Sie waren bei Stäubli Division Manager in USA und zuletzt Leiter der Robotikentwicklung im Stammwerk Faverges. Wie profitieren Sie als Geschäftsführer von diesen Erfahrungen?

Vogt: Vor allem bringe ich Knowhow und Erfahrung mit, wie man Roboter schnell an die Kundenbedürfnisse anpassen kann. Denn ich vereine beides: Das vertriebliche Ausrichten an Kundenbedürfnissen und das technische Wissen, was man mit dem Roboter umsetzen kann, ohne den Anpassungsaufwand immens in die Höhe zu treiben.

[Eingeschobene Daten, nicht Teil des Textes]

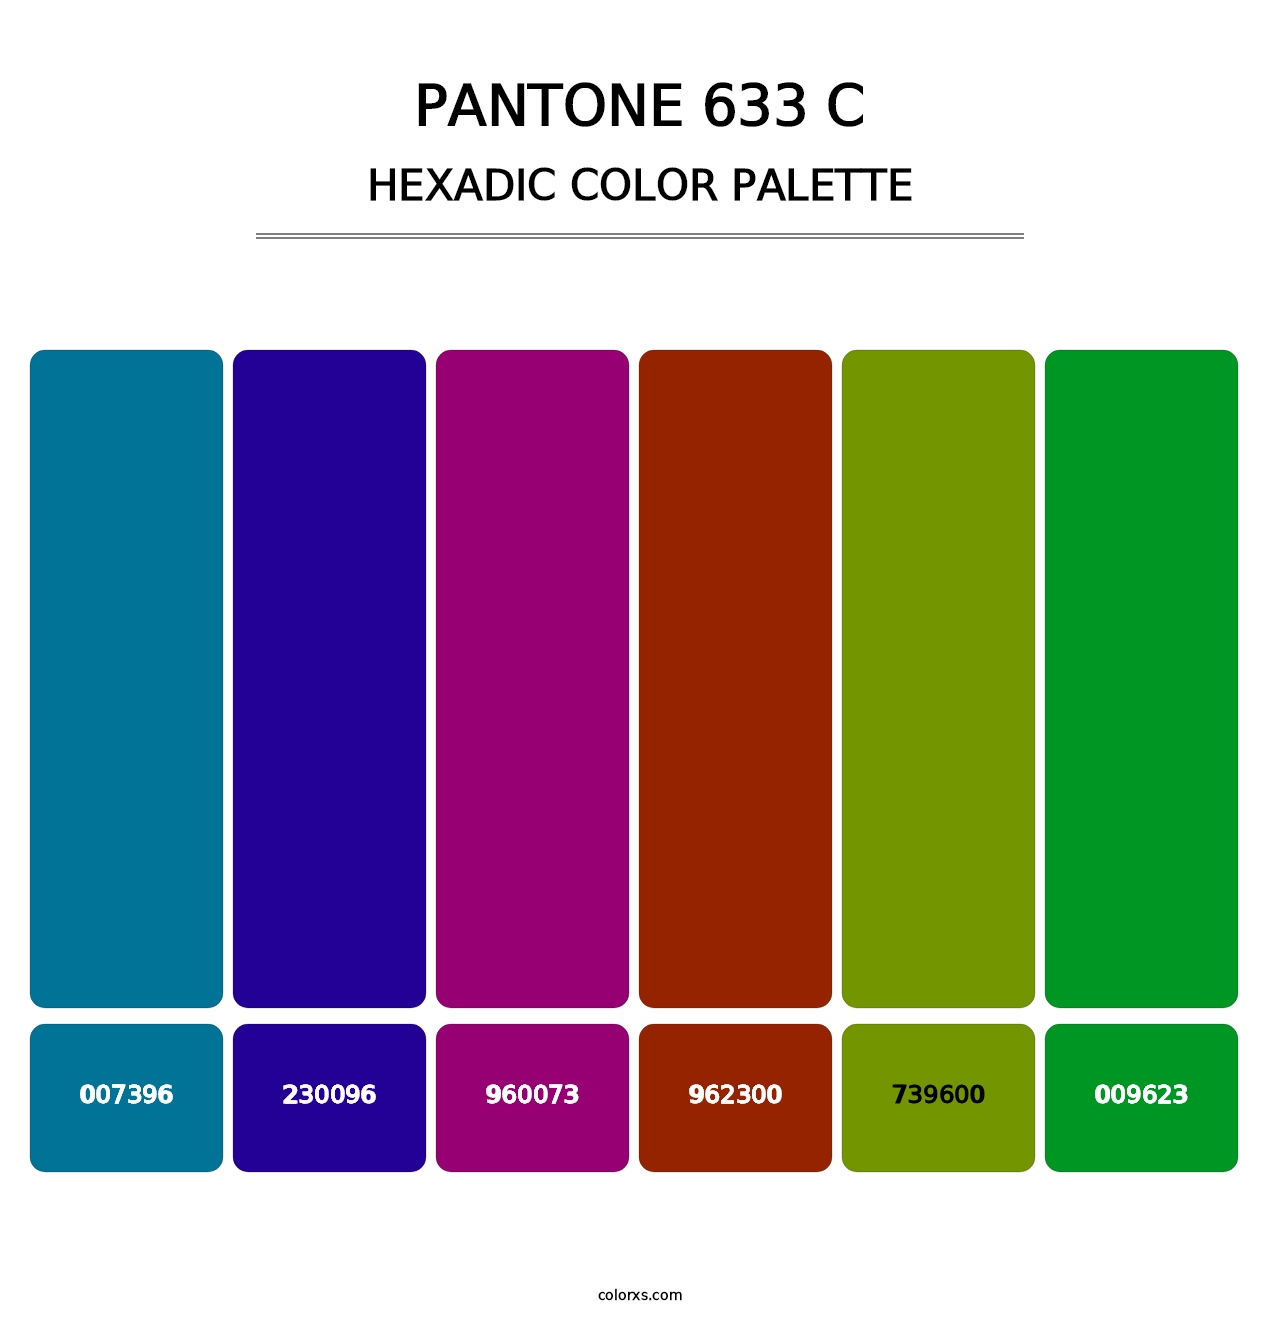 PANTONE 633 C - Hexadic Color Palette

In meiner Arbeit im Stammwerk habe ich außerdem gesehen, was wir alles in einzelnen Ländern mit Kunden bereits realisieren: Durch verstärkte interne Kommunikation können wir solche spezifischen Lösungen auch international besser vermarkten.
Zum Beispiel?
Vogt: Zusammen mit Partnern bringen wir Best in Class-Lösungen für ganz bestimmte Anwendungen auf den Markt. In den USA haben wir beispielsweise zusammen mit einer kleinen Startup-Firma ein System entwickelt, das Haartransplantationen durchführt. Heute verkaufen wir mit dieser Firma über 100 Roboter pro Jahr. An so eine Startup Idee muss man glauben. Wenn jemand eine gute Idee für eine Maschine hat und uns überzeugt, dass er damit fünfzig bis hundert Roboter verkaufen kann, dann liefern wir ihm den passenden Roboter, den wir wenn nötig auch anpassen.
Lohnt sich eine solche kundenspezifische Anpassung denn? Andere setzen eher auf Standard und Masse…
Vogt: Wir sind da irgendwo in der Mitte. Wir haben zwar nicht die Volumina, die andere Hersteller durch ihre Schweißroboter für die Automobilindustrie erzielen. Wir sind aber dennoch ein Global Player mit einer der größten Produktlinien – und wir können trotzdem für Kunden spezifische Lösungen entwickeln. Andere Anbieter verkaufen nur ihre Standard-Roboter. Unsere Kunden loben immer wieder unsere Flexibilität und den direkten Draht in die Entwicklungsabteilungen.
Zu Ihrem Amtsantritt als Geschäftsführer kündigten Sie eine „offensive Expansionsstrategie“ an. Planen Sie auch Zukäufe?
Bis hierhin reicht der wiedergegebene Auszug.